How to Tell When Ovulation Is Over

The fertile window is the period in the menstrual cycle when conception is possible, encompassing the days leading up to and including ovulation. This window closes immediately after the egg is released, as the egg only remains viable for about 12 to 24 hours. Confirming the end of this fertile phase marks the beginning of the luteal phase, regulated by the hormone progesterone. Identifying this shift is fundamental for both natural family planning and optimizing the timing of medical fertility interventions. The physiological changes that occur post-ovulation are distinct and measurable, providing reliable indicators that the opportunity for conception has passed for that cycle.

The Definitive Basal Body Temperature Shift

A sustained rise in Basal Body Temperature (BBT) is a reliable at-home sign that ovulation has concluded. This increase results from the corpus luteum producing progesterone, which has a thermogenic effect that elevates the body’s resting temperature.

This thermal shift typically ranges from 0.4 to 1.0 degrees Fahrenheit (0.22 to 0.56 degrees Celsius) above the pre-ovulatory range. Tracking requires a specific BBT thermometer used orally, immediately upon waking. The temperature must remain elevated for a minimum of three consecutive days to confirm the shift.

The day of the temperature rise is considered the day ovulation occurred, retrospectively closing the fertile window. This sustained high temperature confirms the body has entered the post-ovulatory, or luteal, phase. If pregnancy does not occur, this temperature will drop back down just before the next menstrual period.

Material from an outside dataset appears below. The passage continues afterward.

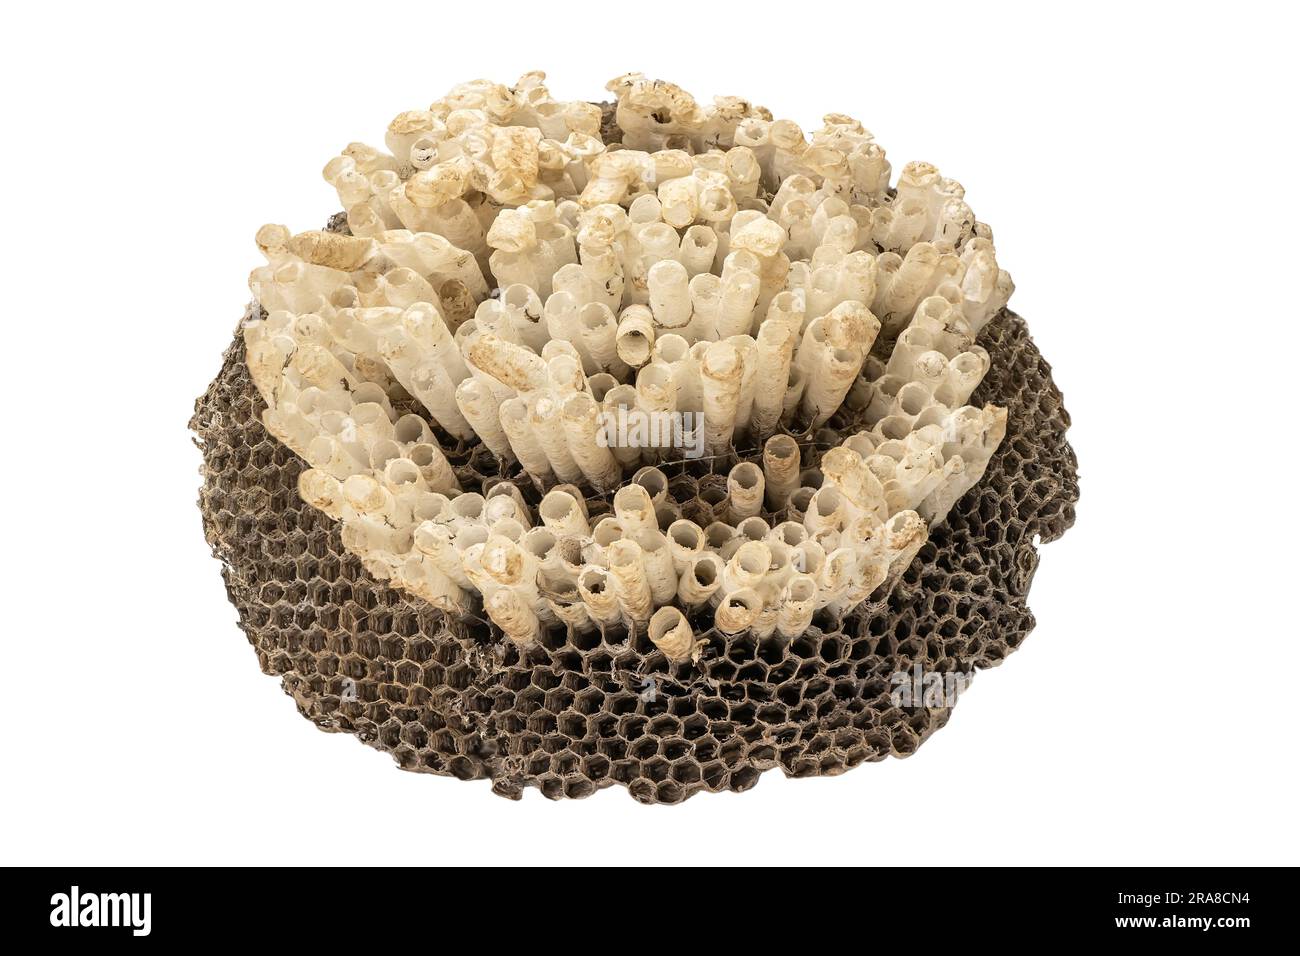 Wasp's nest or hexagonal decorative design isolated on a white background. Stock Photo

Changes in Cervical Mucus and Position

Hormonal changes following ovulation cause alterations in the physical characteristics of the cervix and cervical mucus. During the fertile window, high estrogen levels create mucus that is clear, abundant, slippery, and stretchy, often compared to raw egg whites.

Once ovulation is complete, the sharp increase in progesterone causes the mucus to change consistency. It quickly becomes scant, sticky, cloudy, or may even appear absent, creating a barrier hostile to sperm. This physical change indicates the body has transitioned into the infertile phase.

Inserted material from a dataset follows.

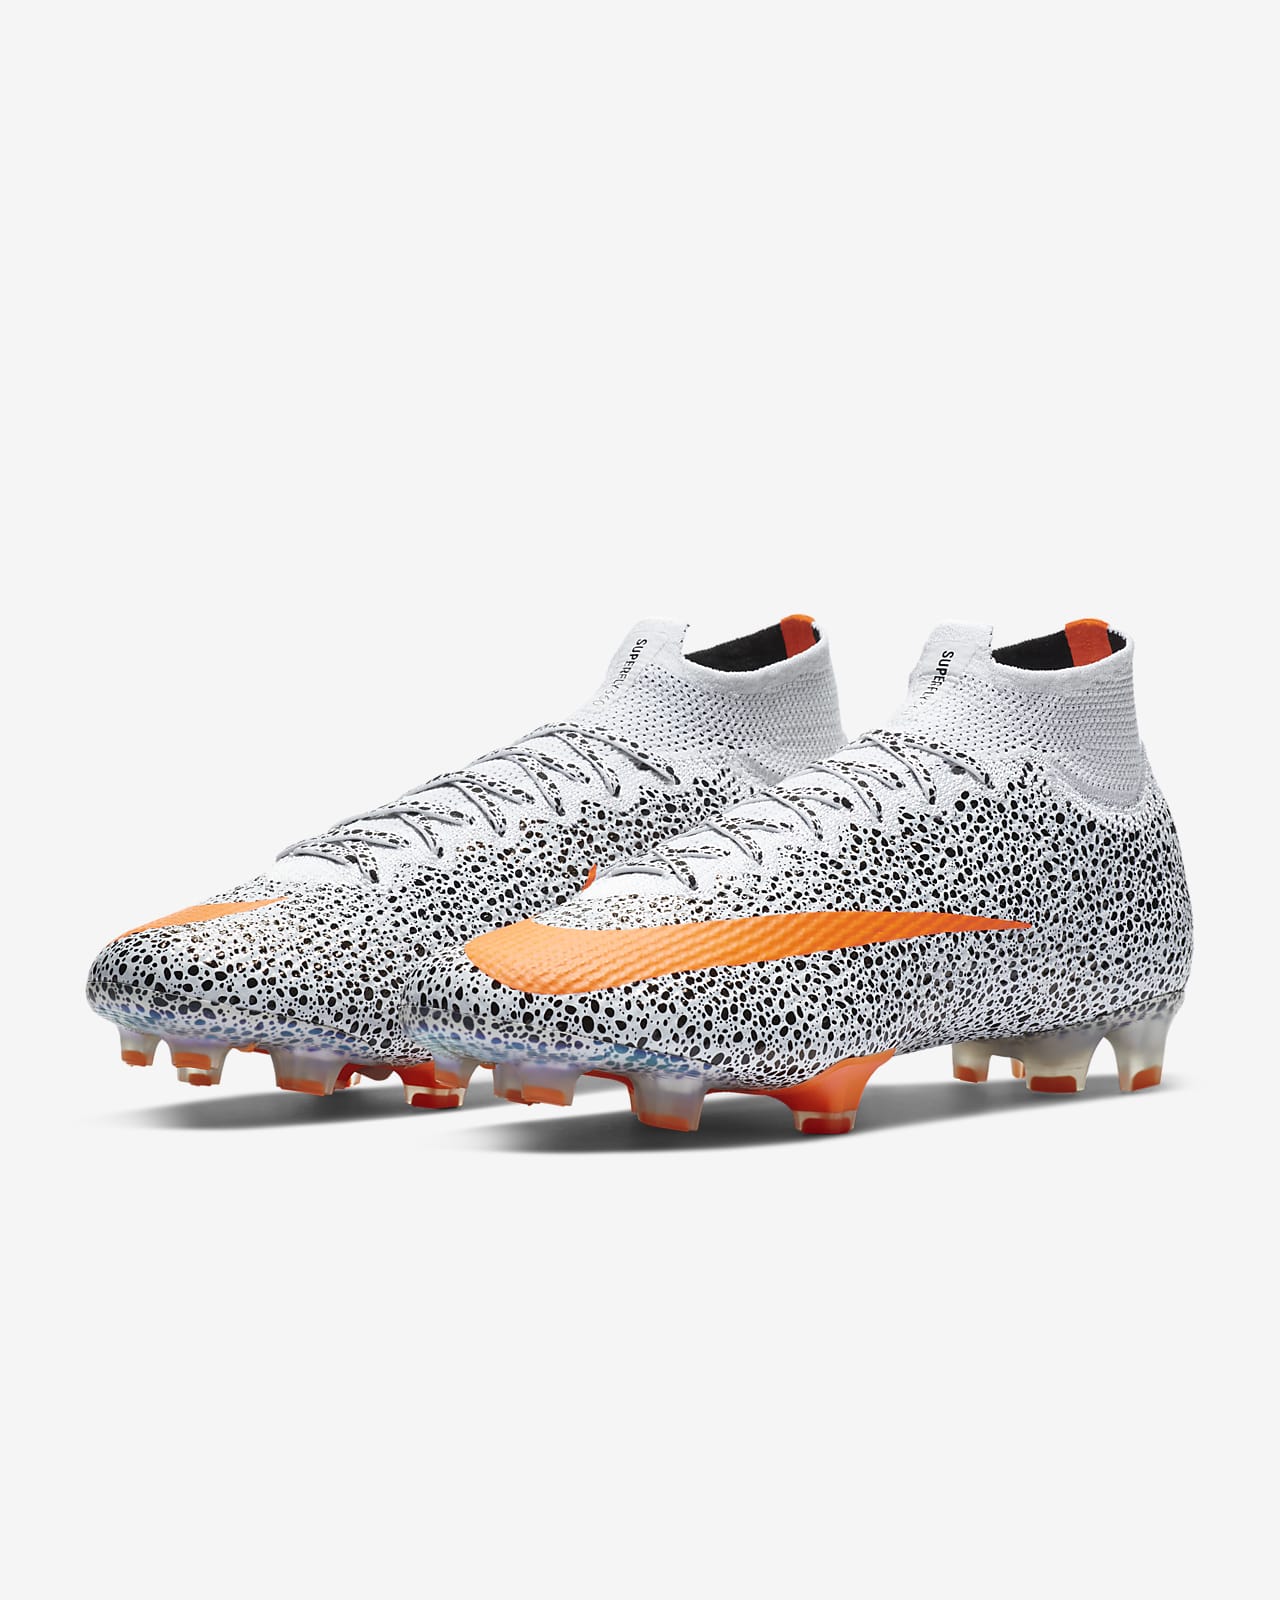 mercurial superfly soccer cleats

The cervix also changes position and texture due to the hormonal shift. During the most fertile time, the cervix is high, soft, and its opening (the os) is slightly open.

After ovulation, the cervix drops lower and becomes much firmer, similar to the tip of the nose, while the os closes tightly. This firm, low, and closed state confirms the uterus is secured for the luteal phase.

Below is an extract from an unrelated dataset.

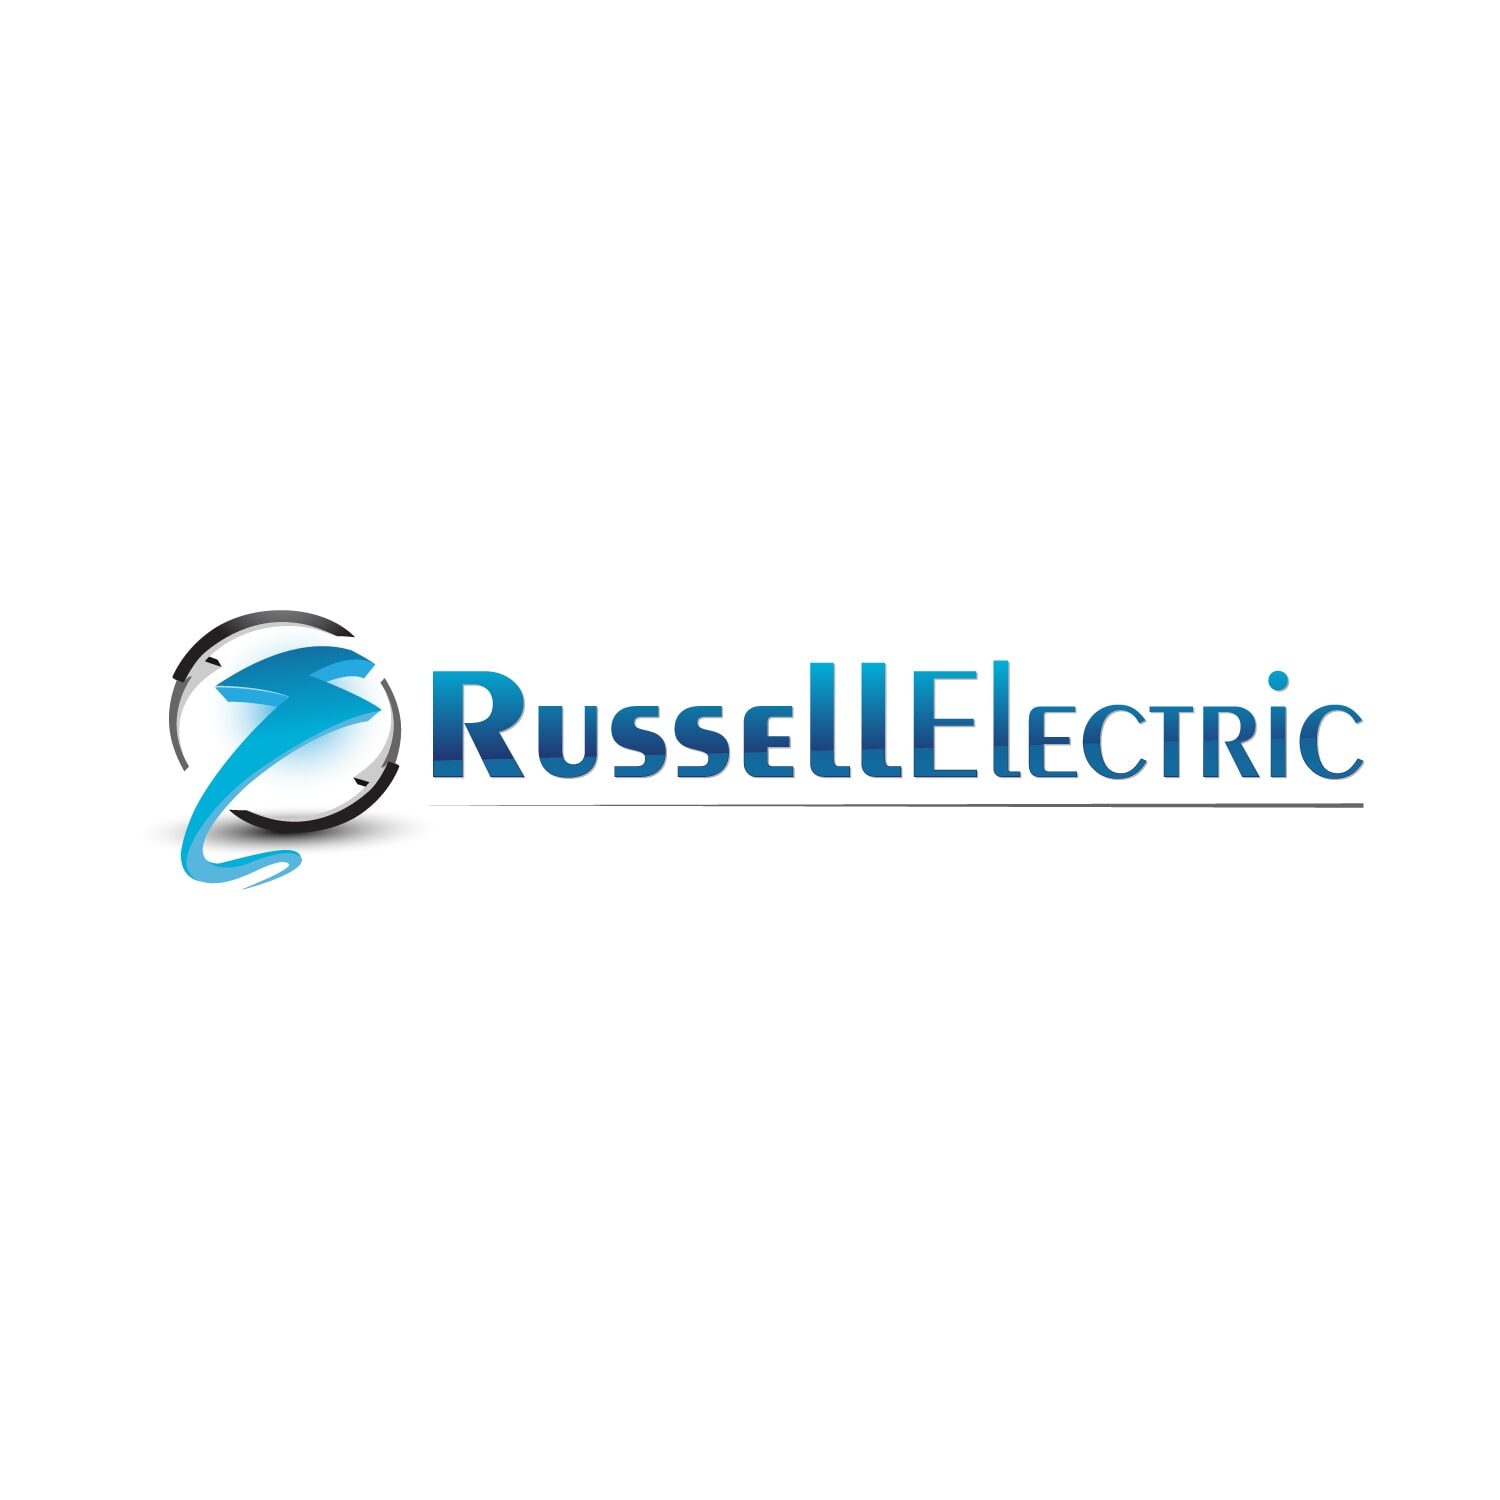 Russell Electric Inc.

Testing for the Post-Ovulatory Progesterone Rise

Testing for the rise in progesterone is the most direct method for chemical confirmation that ovulation has ended. Unlike Luteinizing Hormone (LH) tests, progesterone tests confirm the event has successfully concluded, which is important because an LH surge does not always guarantee an egg was released.

At-home testing measures Pregnanediol Glucuronide (PdG), a progesterone metabolite excreted in the urine. PdG levels rise significantly 2 to 3 days following ovulation, and sustained positive readings confirm adequate progesterone production.

A healthcare provider can order a serum progesterone blood test, typically scheduled seven days after suspected ovulation to capture the hormone at its peak concentration. A level above 5 to 10 nanograms per milliliter (ng/mL) confirms that the corpus luteum is functioning and that ovulation has occurred.